40 sets of Experiment #2
materials were distributed in class today. About 55
people have signed up for the experiment so that wasn't enough
for everyone. I should have enough extra materials on
Friday for everyone. Expt. #2 reports are due Mon., Feb.
Quiz #1 is one week from today (Wed., Feb. 13). A
preliminary version of the Quiz #1
Study Guide is now available. Quiz #1 will cover
material on both the Quiz #1 Study Guide and the Practice Quiz Study Guide.
Reviews are scheduled for Mon. and Tue. afternoon next week
from 4 - 5 pm in Haury (Anthropology) 129.
Assignment was handed out in class today. It is
due next Monday, but you can always turn it in early.
On Monday we learned how weather data is plotted on a surface
map using the station model notation (and you should go back to
the end of the Monday notes because there were one or two topics
not covered in class). Today we'll start to see what
analysis of that data can start to tell you about the weather.
A bunch of weather data has been
plotted (using the station model notation) on a surface weather
map in the figure below (p. 38 in the ClassNotes).
Plotting the surface weather data on a map is just the
beginning. For example you really can't tell what is causing
the cloudy weather with rain (the dot symbols are rain) and
drizzle (the comma symbols) in the NE portion of the map above or
the rain shower along the Gulf Coast. Some additional
analysis is needed. A meteorologist would usually begin by
drawing some contour lines of pressure (isobars) to map out the
large scale pressure pattern. We will look first at contour
lines of temperature, they are a little easier to understand (the
plotted data is easier to decode and temperature varies across the
country in a more predictable way).
Isotherms, temperature contour lines, are usually drawn at 10o F intervals. They
do two things: (1) connect points on the map that all
have the same temperature, and (2) separate regions that are
warmer than a particular temperature from regions that are
colder. The 40o F
isotherm above passes through a city which is reporting a
temperature of exactly 40o
(Point A). Mostly it goes between pairs of cities: one with
a temperature warmer than 40o (41o at
Point B) and the other colder than 40o (38o
F at Point C).
generally decrease with increasing latitude: warmest temperatures
are usually in the south, colder temperatures in the north.

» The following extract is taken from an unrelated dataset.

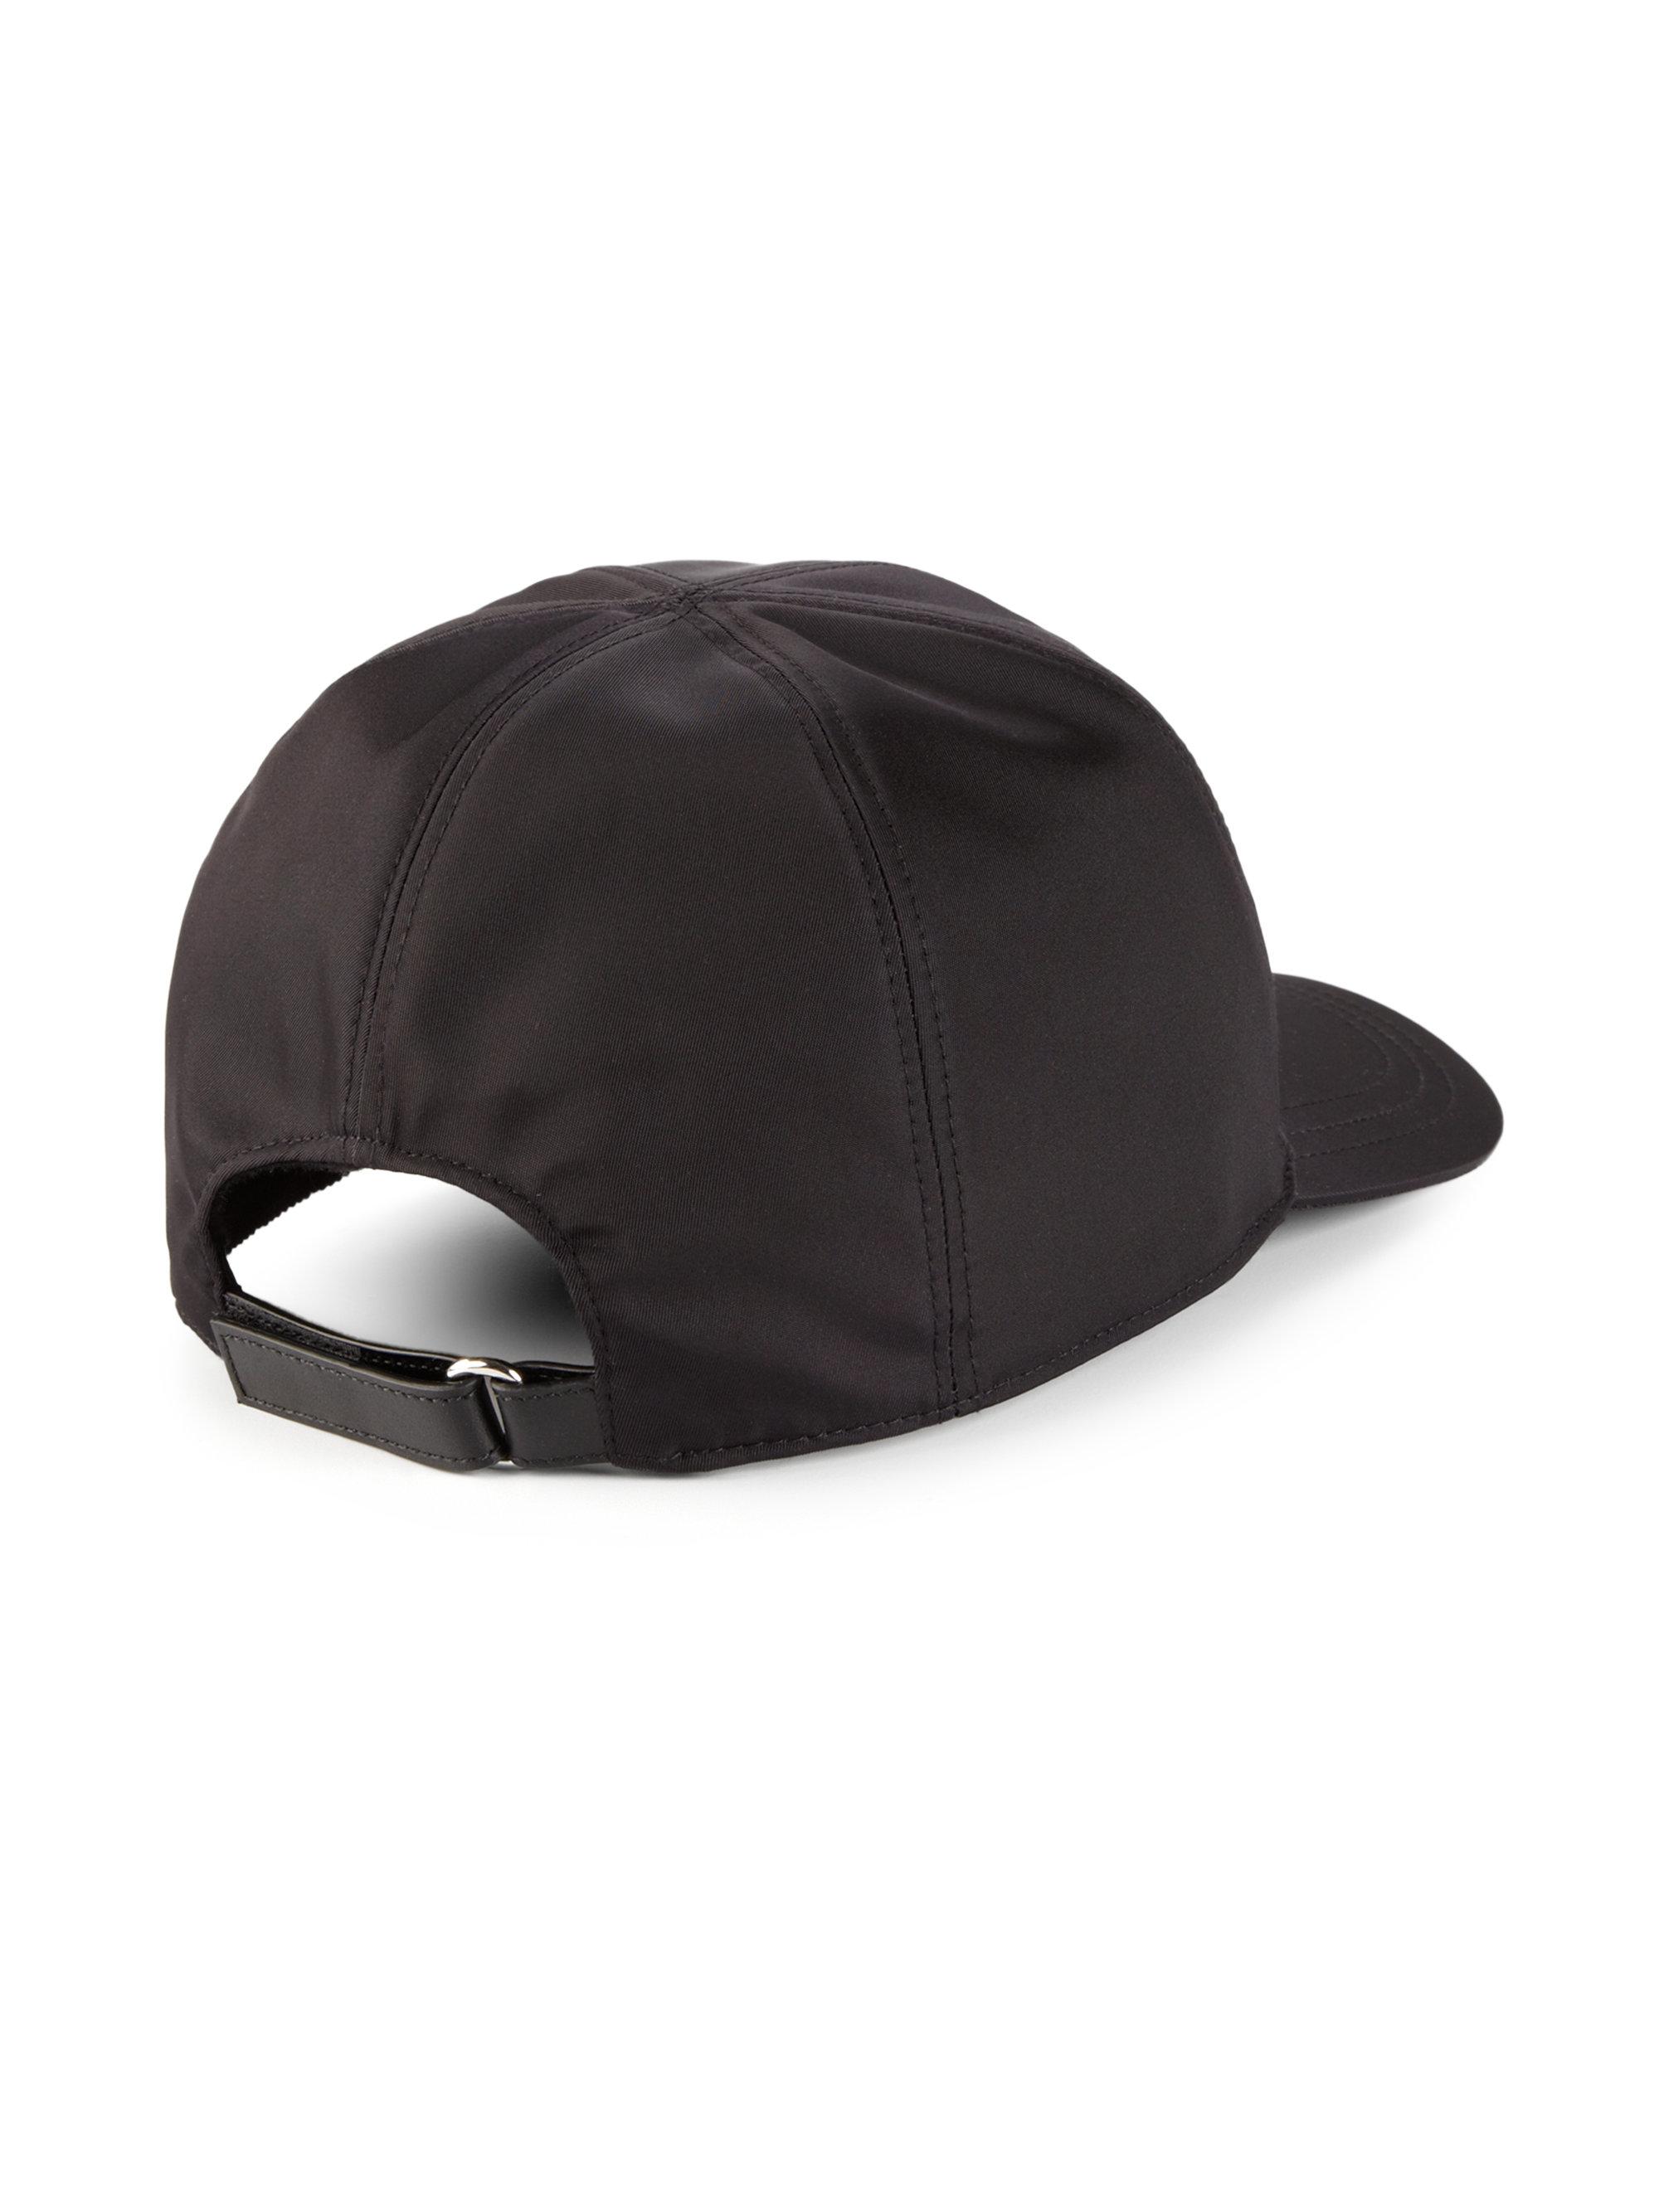 Lyst - Prada Nylon   Calf Leather Baseball Cap in Black for Men 1f4b735c156

Now the same data with isobars drawn in. Again they separate
regions with pressure higher than a particular value from regions
with pressures lower than that value. The
isobars also enclose areas of high pressure and low
pressure. Isobars are generally drawn at 4 mb intervals
(starting with a base value of 1000 mb). Isobars
also connect points on the map with the same pressure.

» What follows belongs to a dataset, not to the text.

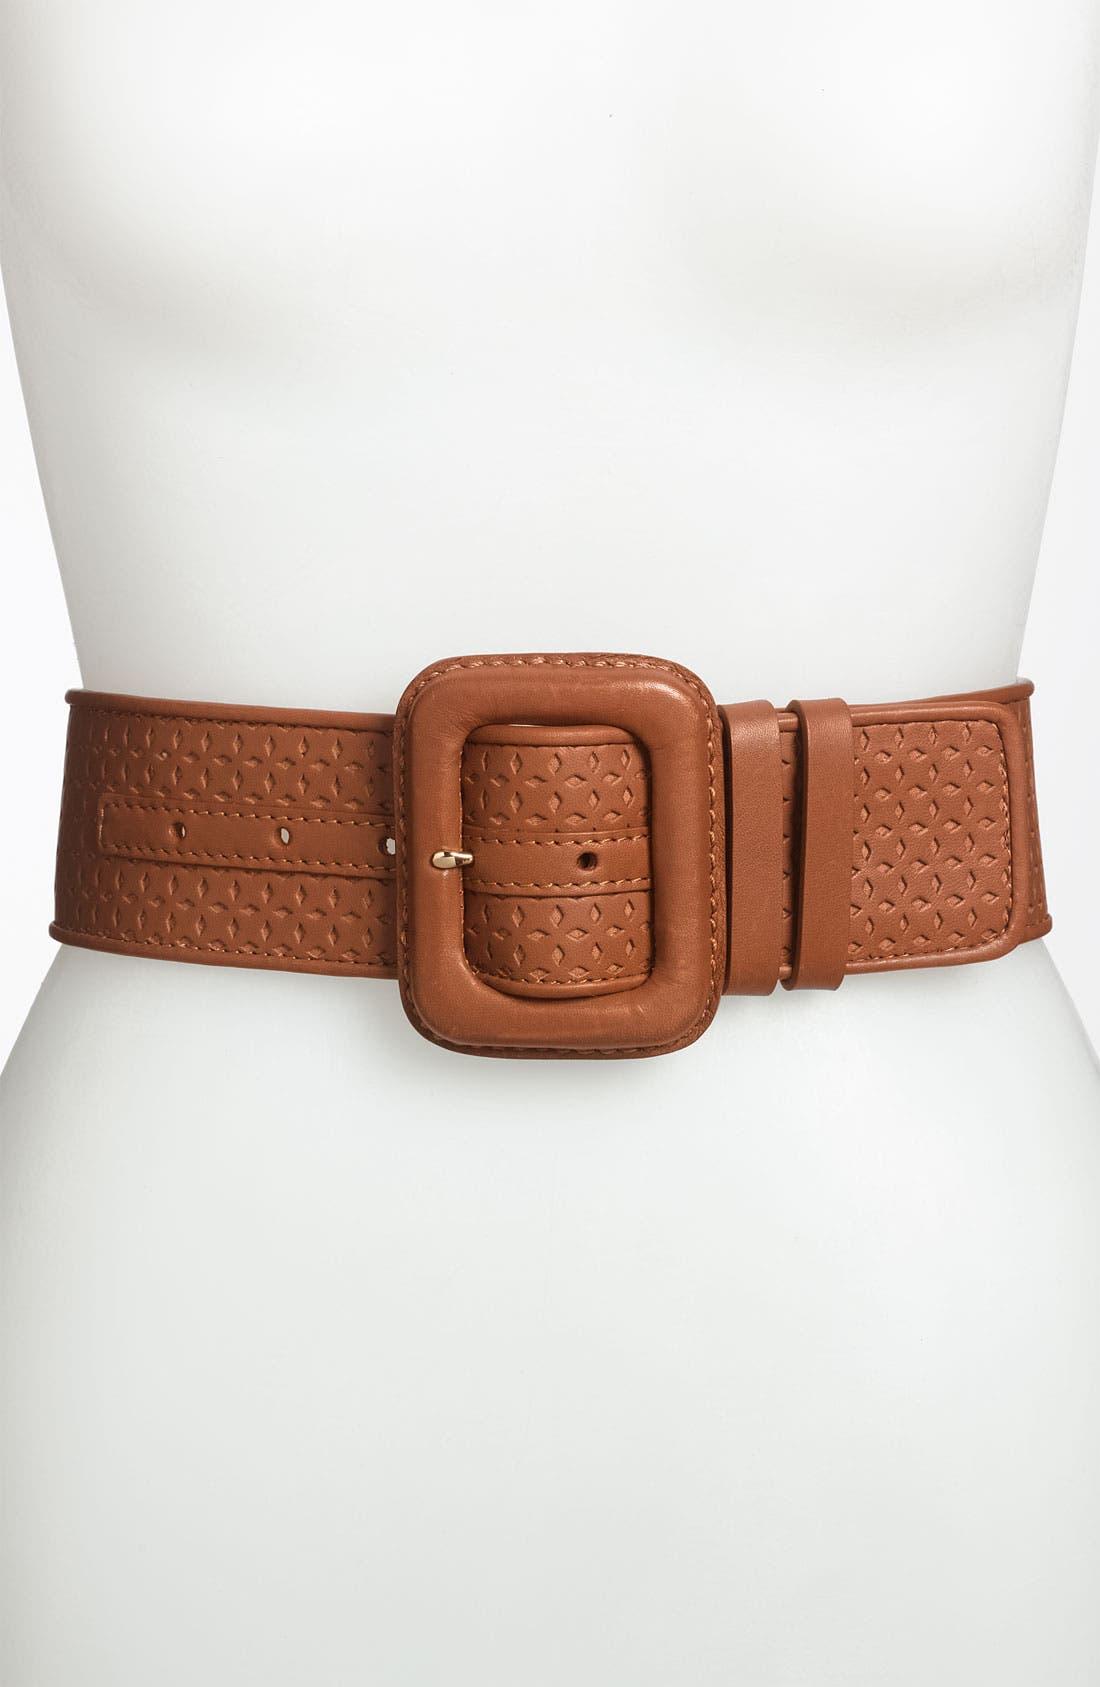 Main Image - Cole Haan 'Vintage Valise' Belt

The 1008 mb isobar (highlighted in yellow) passes through a city
at Point A where the
pressure is exactly 1008.0 mb. Most of the time the isobar
will pass between two cities. The 1008 mb isobar passes
between cities with pressures of 1009.7 mb at Point B and 1006.8 mb at Point C.

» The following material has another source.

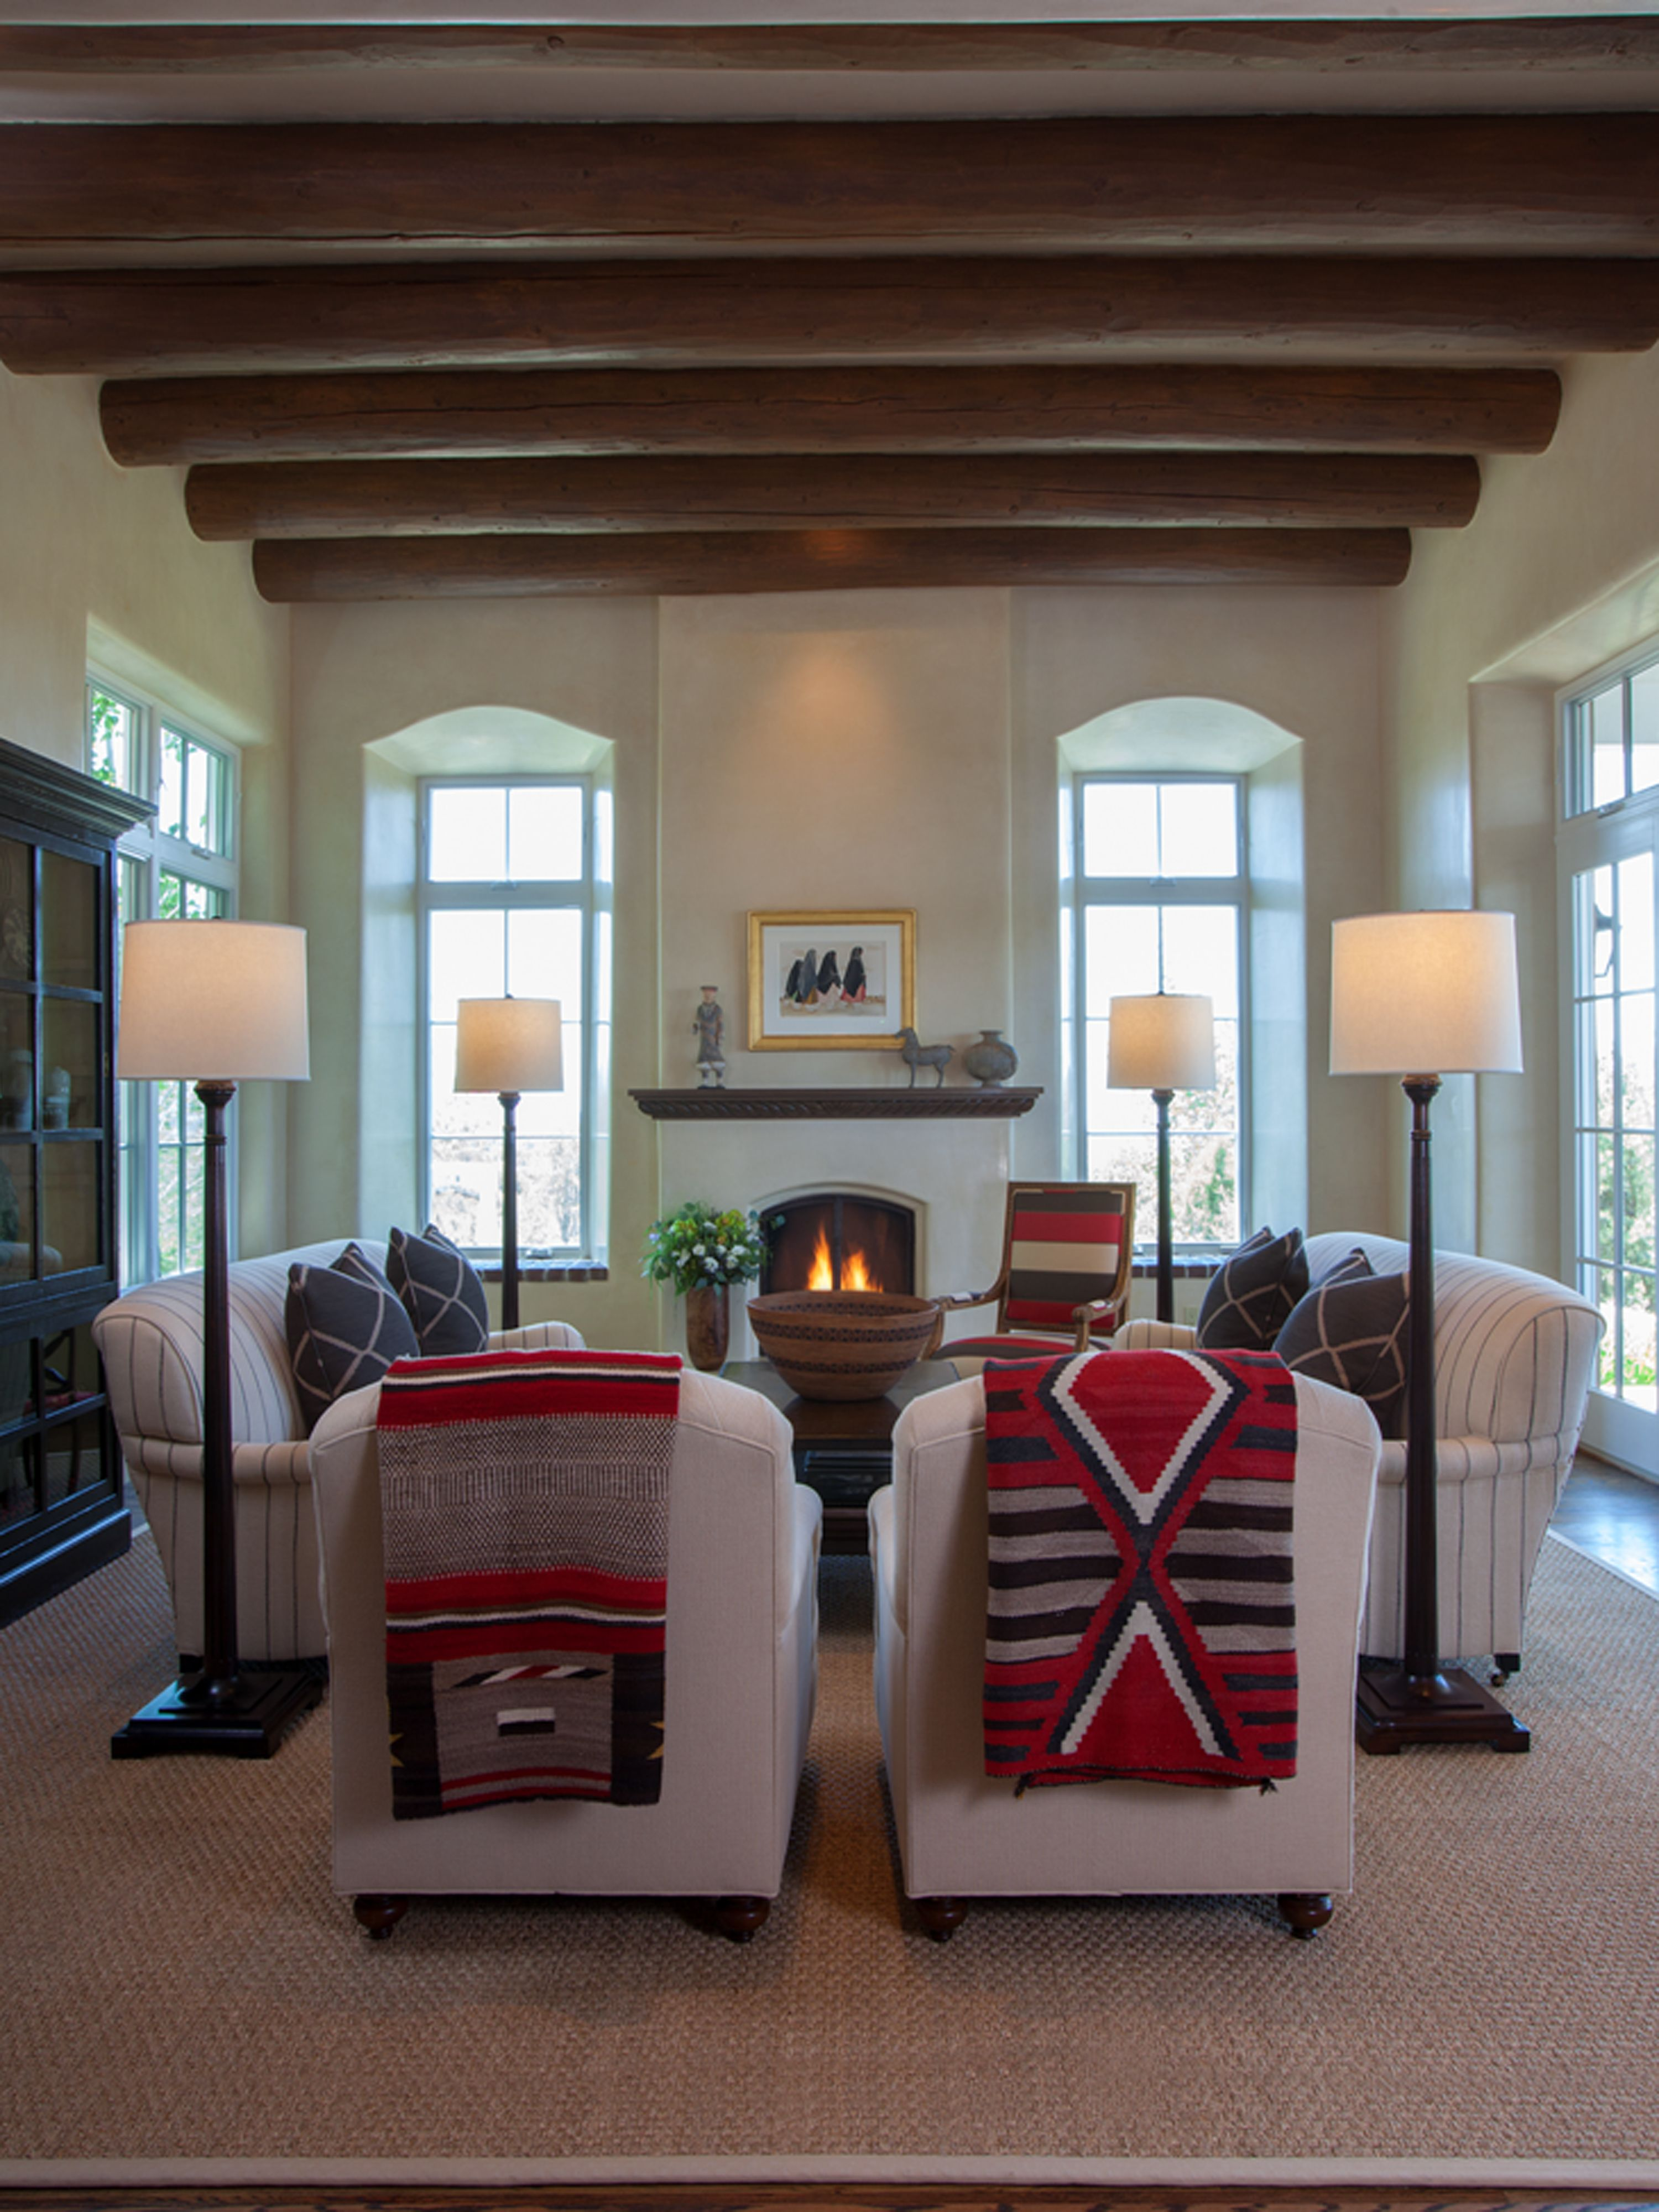 Step Inside A Stunning Adobe Home In Santa Fe Adobe House New

You would expect to find 1008 mb somewhere in between those two
cites, that is where the 1008 mb isobar goes.
The pressure pattern is not as predictable as the isotherm
map. Low pressure is found on the eastern half of this map
and high pressure in the west. The pattern could just as
easily have been reversed.
site (from the American Meteorological Society) first shows
surface weather observations by themselves (plotted using the
station model notation) and then an analysis of the surface data
like what we've just looked at. There are links below each
of the maps that will show you current surface weather data.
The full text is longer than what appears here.